Lucia Akard on ‘Finding rape in the archives: methodologies for hearing survivor voices from the past’

Lucia Akard on her talk ‘Finding rape in the archives: methodologies for hearing survivor voices from the past’ at the CGIS Discussion Group on 7 November 2018.

 

One of the primary aims of my research on rape in later medieval France is to open up the space to hear victim/survivor voices from the past. I believe it is a moral imperative, and essential to any feminist approach to the topic. It’s also just really, really interesting. Upsetting, definitely. But attempting to gain access to marginalized voices from the past leads one down a methodologically and theoretically complex winding road. My topic of study may at times be bleak, but it is never uninterested, and I rarely feel uninspired. 

Such was the tenor of the conversation generated by the CGIS reading group I lead. Though there were only a few participants, we were all engaged with the topic and eager to discuss new theories of approaching the sources. 

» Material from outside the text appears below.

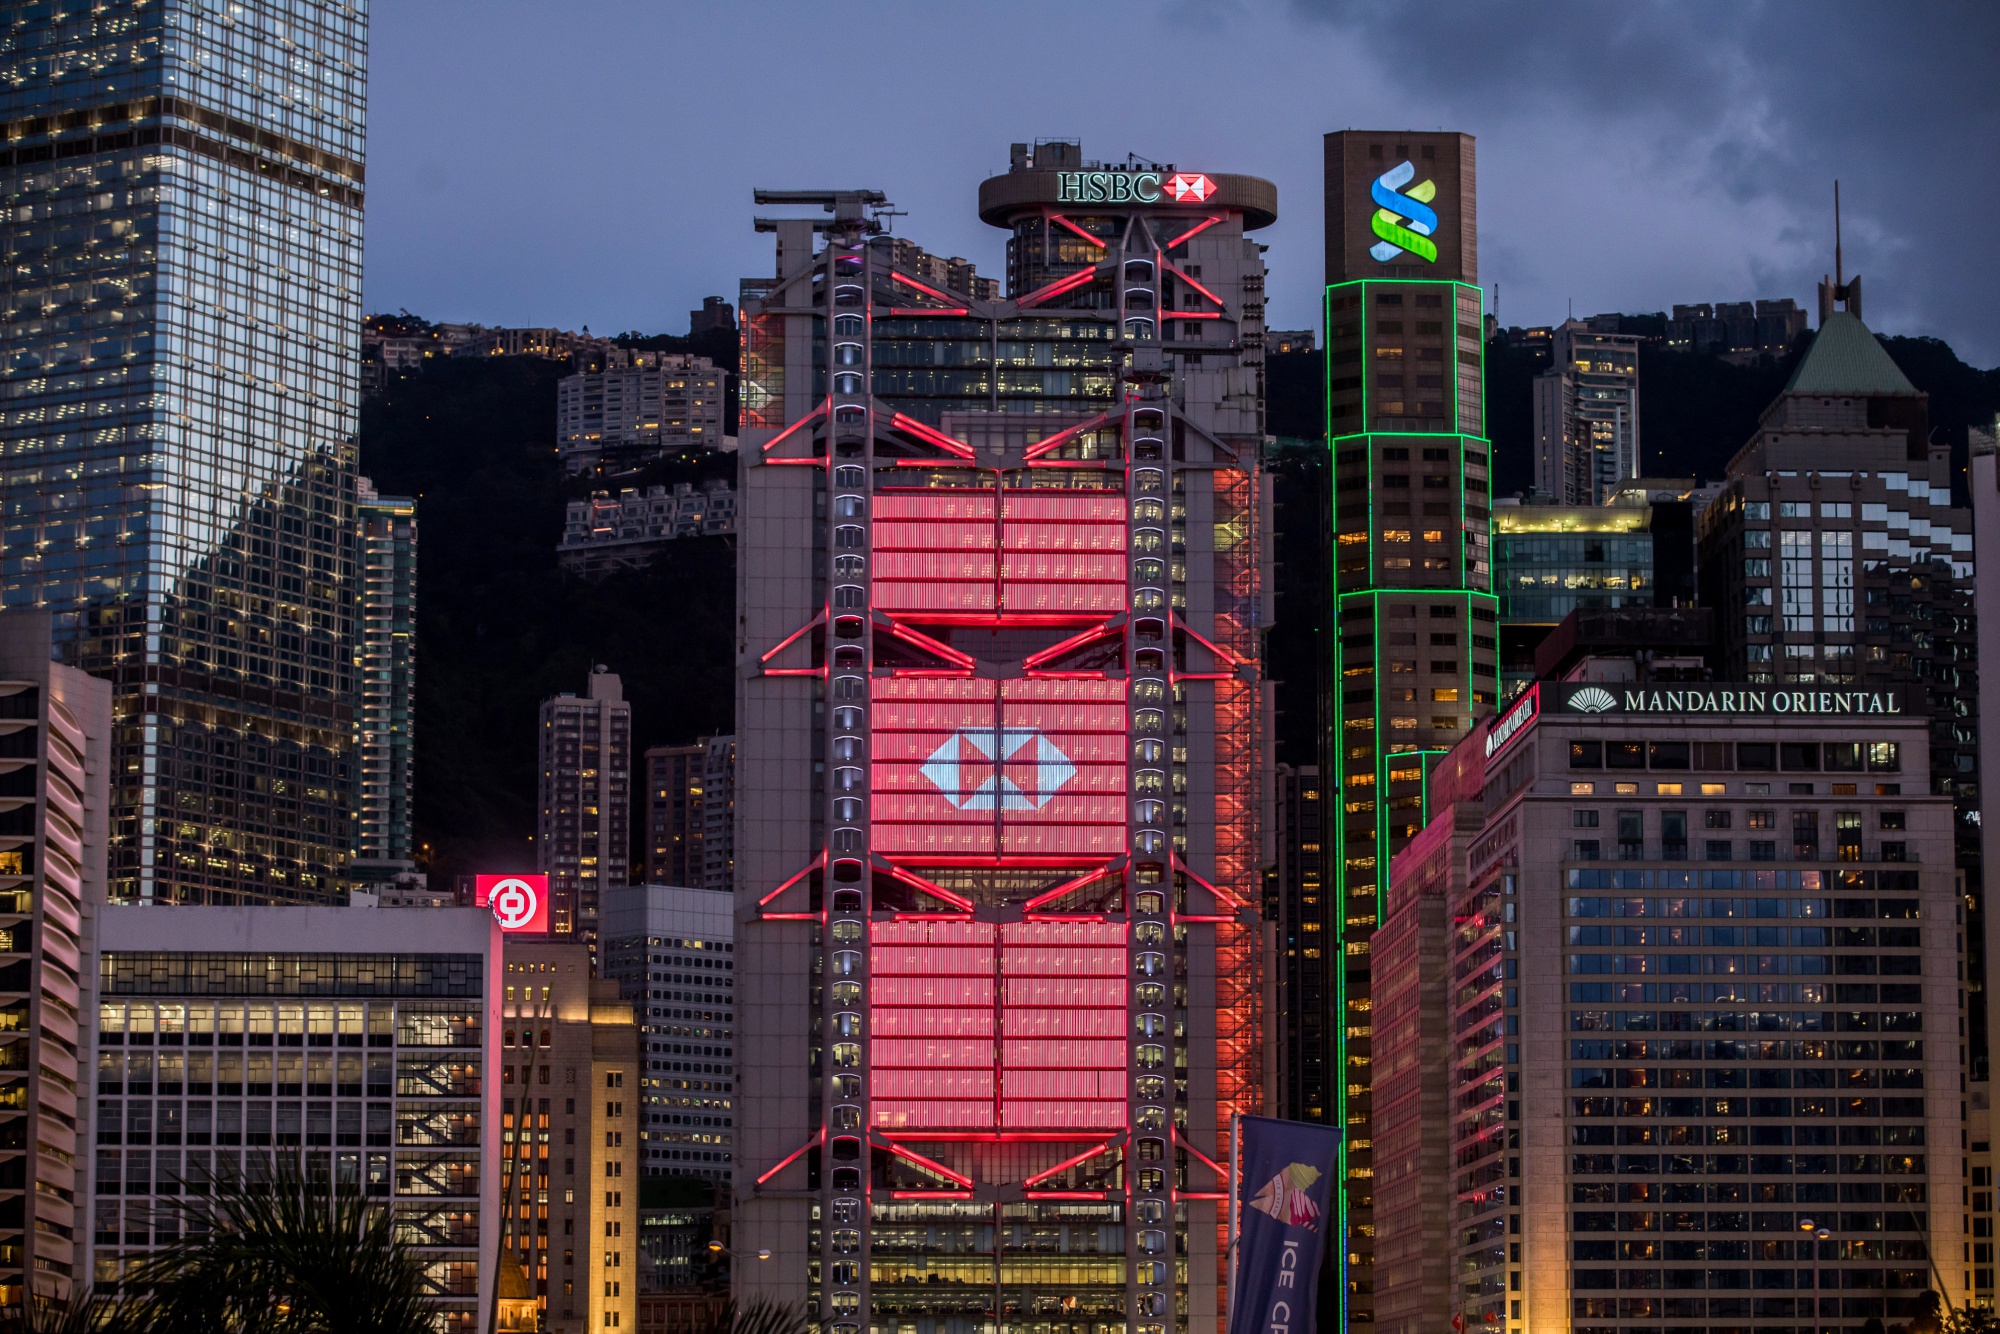 Companies hong kong. HSBC банк Гонконг. Фостер банк Гонконга и Шанхая. Здание HSBC В Гонконге.

I assigned two readings for the group, a chapter from Kathryn Gravdal’s Ravishing Maidens: Writing Rape in Medieval French Literature and the Law and the introduction to Suzanne M. Edwards’s The Afterlives of Rape in Medieval English Literature. Through these two texts, both of which approach medieval sources on rape in theoretically interesting ways (Gravdal analyzes literary sources and then compares them to court records and Edwards determines discourses of survival, i.e., how medieval possibly understood their survival, from a variety of english sources), the discussion group generated new ways of thinking about consent. 

We determined that consent to sexual acts was at the heart of the issues, and that in order to understand anything about the experience of rape in any time period, we had to start with consent. We discussed the idea that the term “consent” itself is lacking, at least when applied to heterosex, as it implies that both parties have consented equally. But the agency that a man and a woman exert in sexual relations with one another is unequal, and thus their choices are as well. They may both consent, but the female party has much more to consider, and this was especially true in the Middle Ages. How would consenting to sex change her prospects of marriage and thus being provided for? Was she ready to have a child, and possibly die in childbirth? Was she prepared to lose her virginity, which was perhaps her largest tool for social bargaining? 

Eventually, we got away from the historical and began thinking about the modern period. Is consent really the best way to teach healthy sex to undergraduates and younger students? Shouldn’t we be striving for enthusiastic and equal consent, rather than simply positioning consent as a hurdle to clear? And at what point does the modern woman achieve equal consent with a male partner? Is she free of the burdens that plagued the medieval woman looking to engage in sex? 

I left the discussion with more unanswered questions than I’d started with, but I gained just as many new avenues to approach answering them.